LA ENFERMEDAD DEL MUNDO
Fr.Eusebio Gómez Navarro O.C.D
Charles Crawford no conoció el amor en su infancia. El día que su novia terminó con él, decidió quitarse la vida mientras se repetía: “Nadie me quiere…la vida no tiene sentido”.
Rajón Bejín, quien iba para su casa a sacar a su hija a pasear, detuvo su vehículo y, arriesgando su propia vida, subió a la baranda del puente junto a Charles.
Con tacto y amor comenzó a darle apoyo; y estaba de tal modo aferrado a él en un espacio mínimo, que ambos hubieran caído del puente si Charles se hubiera arrojado al vacío.
Después llegaron dos personas que también colaboraron hasta que el desesperado joven dejó de gritar: “¡Déjenme morir! ¡Déjenme morir!...”.
Días después, confesó: “Vi que sí hay quienes se interesan por los demás, y en esta segunda oportunidad nunca olvidaré que alguien arriesgó su vida por mí”.
Vivimos un tiempo dramático y fascinador. “Mientras por un lado las personas dan la impresión de ir detrás de la prosperidad material y de sumergirse cada vez más en el materialismo consumístico, por otro manifiestan la angustiosa búsqueda del sentido, la necesidad de interioridad, el deseo de aprender nuevas formas y modos de concentración y de oración.... La Iglesia tiene un inmenso patrimonio que ofrecer a la humanidad: en Cristo, que se proclama “el camino, la verdad y la vida” (Jn 14,6) (Juan Pablo II).
Nuestro mundo funciona a las mil maravillas, dicen algunos. Hemos aprendido a volar, a conocer los grandes secretos de la ciencia y, sin embargo, no hemos aprendido a ser humanos, pues nos falta el amor, la bondad, la vida, el alma. A esta gran máquina del mundo le falta el corazón. “La enfermedad que padece el mundo, decía M. Teresa, la enfermedad principal del humano, no es la pobreza o la guerra, es la falta de amor, la esclerosis del corazón”.
Dios siempre llama en cada momento de nuestra existencia. El quiere entrar en nuestra vida. Así lo dice san Ambrosio: “Vemos por tanto, que el alma tiene su puerta, a la que viene Cristo y llama. Ábrele, pues; quiere entrar, quiere hallar en vela a su esposa”.
Si Dios viene a nosotros, tenemos que cambiar radicalmente. Y Dios puede “sacar hijos de Abraham de las piedras”; puede hacer que el corazón de piedra se convierta en corazón de carne; puede hacer que del tronco seco broten retoños nuevos; puede hacer que árbol estéril se llene de buenos frutos y puede regalarnos a todos juventud, “alegrar nuestra juventud” (Sal 42,4).
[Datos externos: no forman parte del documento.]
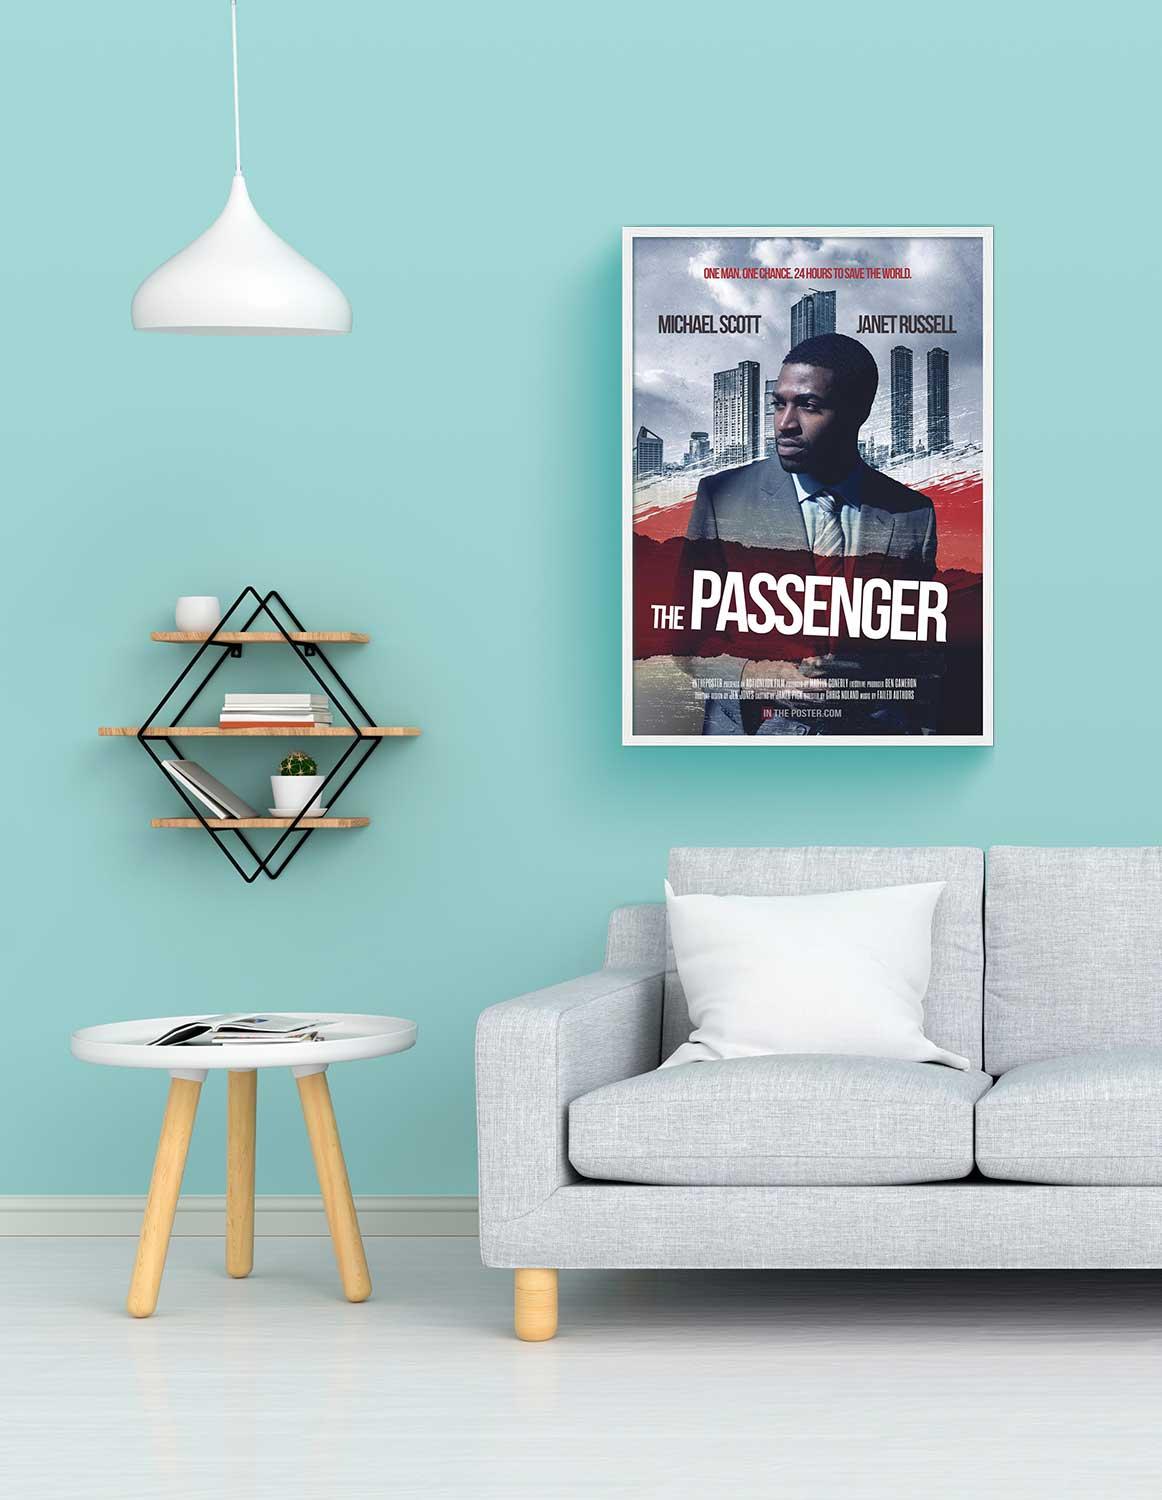 The thiller movie poster in a white frame on a blue wall above a sofa

Al acercarnos a la palabra de Dios encontramos luz y fuerza para creer y esperar en contra de toda esperanza, para soñar con nuevos ideales y con una vida nueva.
Hoy podemos hacer realidad los sueños de todos los tiempos, el de poder habitar y entendernos como seres humanos. Sabemos que si confiamos en el Señor, él puede cambiar nuestra vida. Es bueno, pues dirigir nuestros ojos al Señor y pedirle con esta oración de la Liturgia mozárabe: “Te pedimos, Señor Jesús, que fortifiques los corazones de tus fieles, que se hagan fuertes las rodillas de los débiles, que tu visita cure las heridas de los enfermos, que tu contacto de luz cure a los ciegos, que, obedeciéndote, los pasos de los cojos se aseguren y que tu misericordia desate las ligaduras del pecado. Vuélvete hacia los que ahora, con ferviente devoción, se disponen a celebrar místicamente la espera de tu Encarnación ya realizada. Haz que puedan esperar con alegría tu segunda venida y condúceles con dulzura al Paraíso”.